I have created an adapter to attach the air tube to my compressor thereby allowing me to change the volume of air through the venturi-no appreciable change noted. 

All of the homemade cold smoke generators I have found lack a spec for one component or another...or do not work consistently like mine either.  I have looked at the Smoke Daddy cold smoke generator and can only determine that the air pump is much bigger than mine-something I would have overcome when I created the air compressor adapter. 

I would appreciate any comments or suggestions.


----------



## SmokinAl

You may just want to buy one they are very inexpensive.

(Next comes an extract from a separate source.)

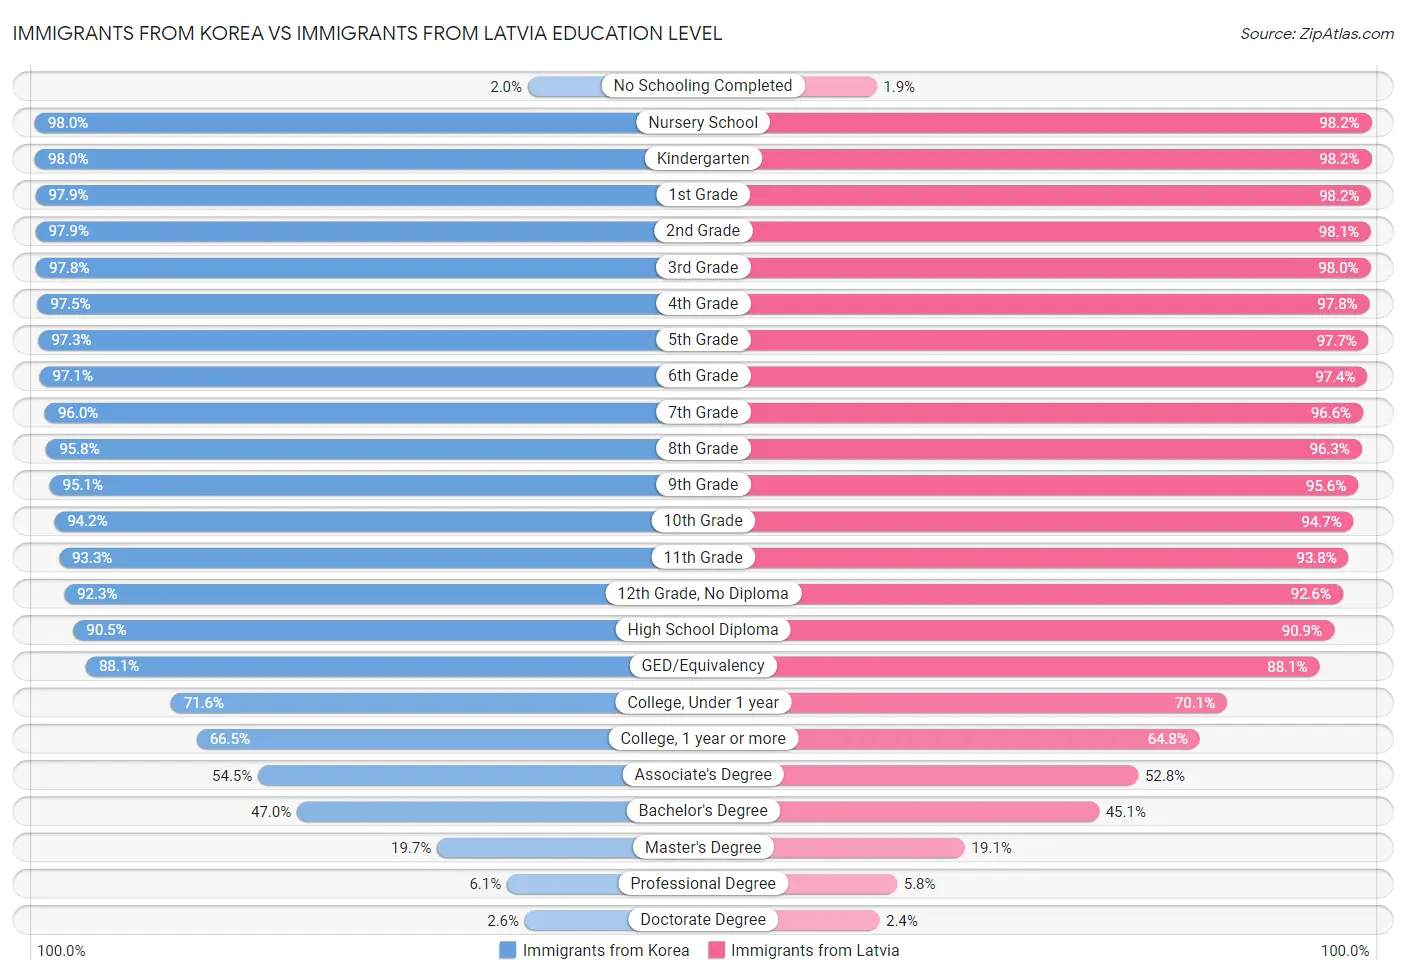 Immigrants from Korea vs Immigrants from Latvia Education Level

http://www.amazenproducts.com/

Al


----------



## drewed

Fire needs 3 things to burn, heat, fuel and oxygen.  My guess is that you are not getting enough air to maintain combustion.


----------



## lowkey

Thanks for your suggestion.  I agree that one of the items you suggest would be easier although I believe they have to be adapted to cold smoking.  After investing a bit of time on this project I hate to give up. I like to solve problems and see things through to completion.


----------



## lowkey

I agree.  I have an adequate supply of fuel as it goes out before all fuel is consumed.  I suspect the culprit os oxygen and I am investigating ways to adjust the in-flow of air.


----------



## donr

I'm guessing you have an exhaust flow issue since when you pop the top it keeps burning.

Can you make a rough sketch or take a picture of what you have?

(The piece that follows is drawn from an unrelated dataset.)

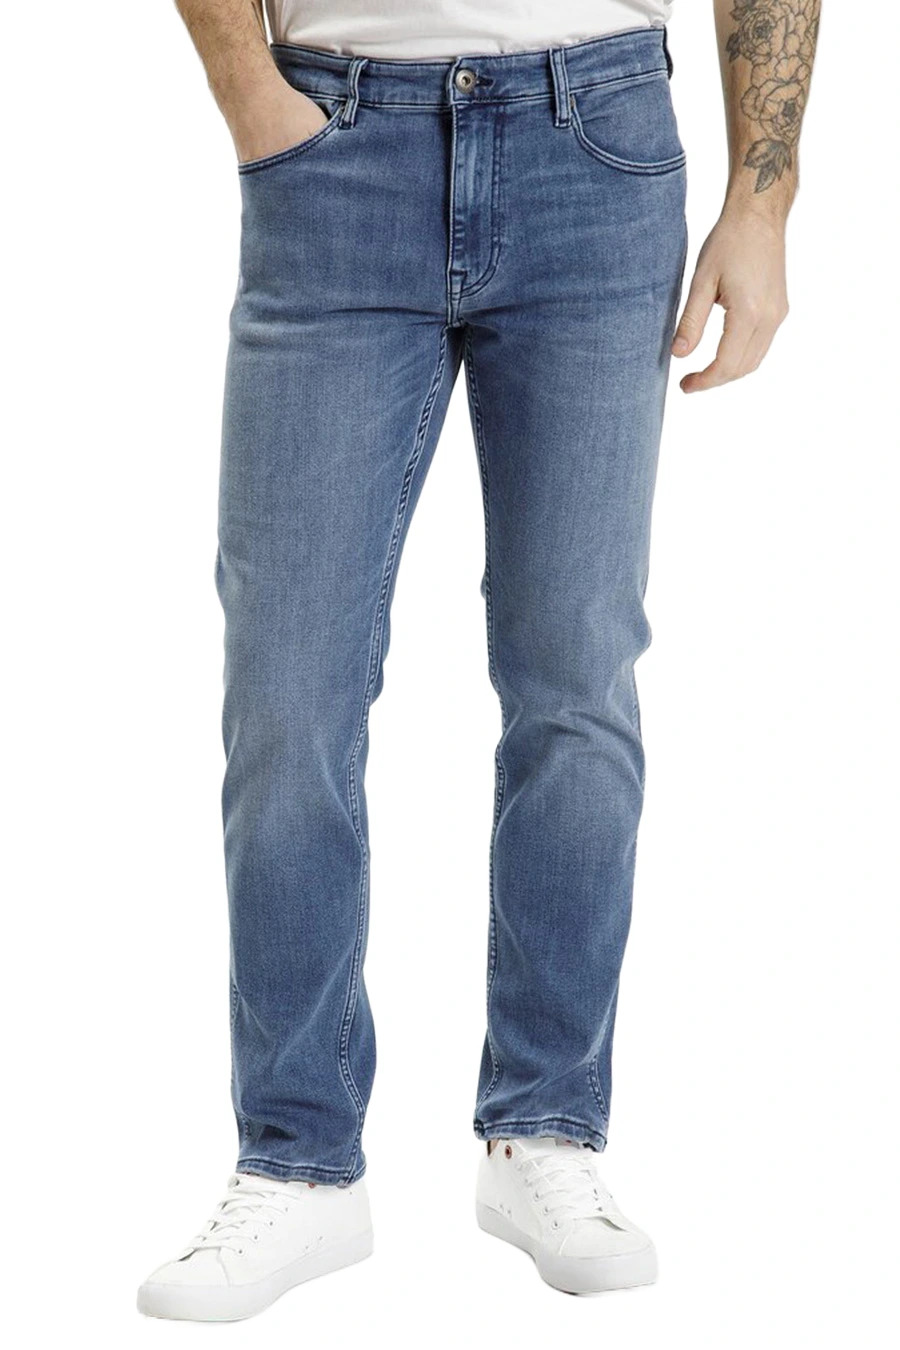 Jeans CROSS JEANS C132-066

The a-maz-en products are designed for cold smoking.


----------



## bc taster

I built a generator I saw on youtube that is similar to what you built.  I used a quart paint can.  I had problems keeping the burn going so I drilled one more air intake hole. That solved that problem.  I had issues with too much unburned chip in the bottom.  I cut a piece of aluminium slightly larger than the cans diameter.  Wedging it inside formed a sloped bottom causing the chip slide down and be forced to the burn area at the air intake holes.  Now I get a good complete burn.  Hope this helps   Bill


----------



## lowkey

Thanks for all of the helpful comments.  I think I have the problem solved.  I drilled many holes in the bottom of the fuel cup and added 4 screws to use as feet and space the bottom of the cup off of the bottom of the can.  That, coupled with attaching a tube from my compressor to allow increased air flow, allow me to sustain a burn.  I enjoy the challenge of solving problems.  This one had me stumped for awhile.


----------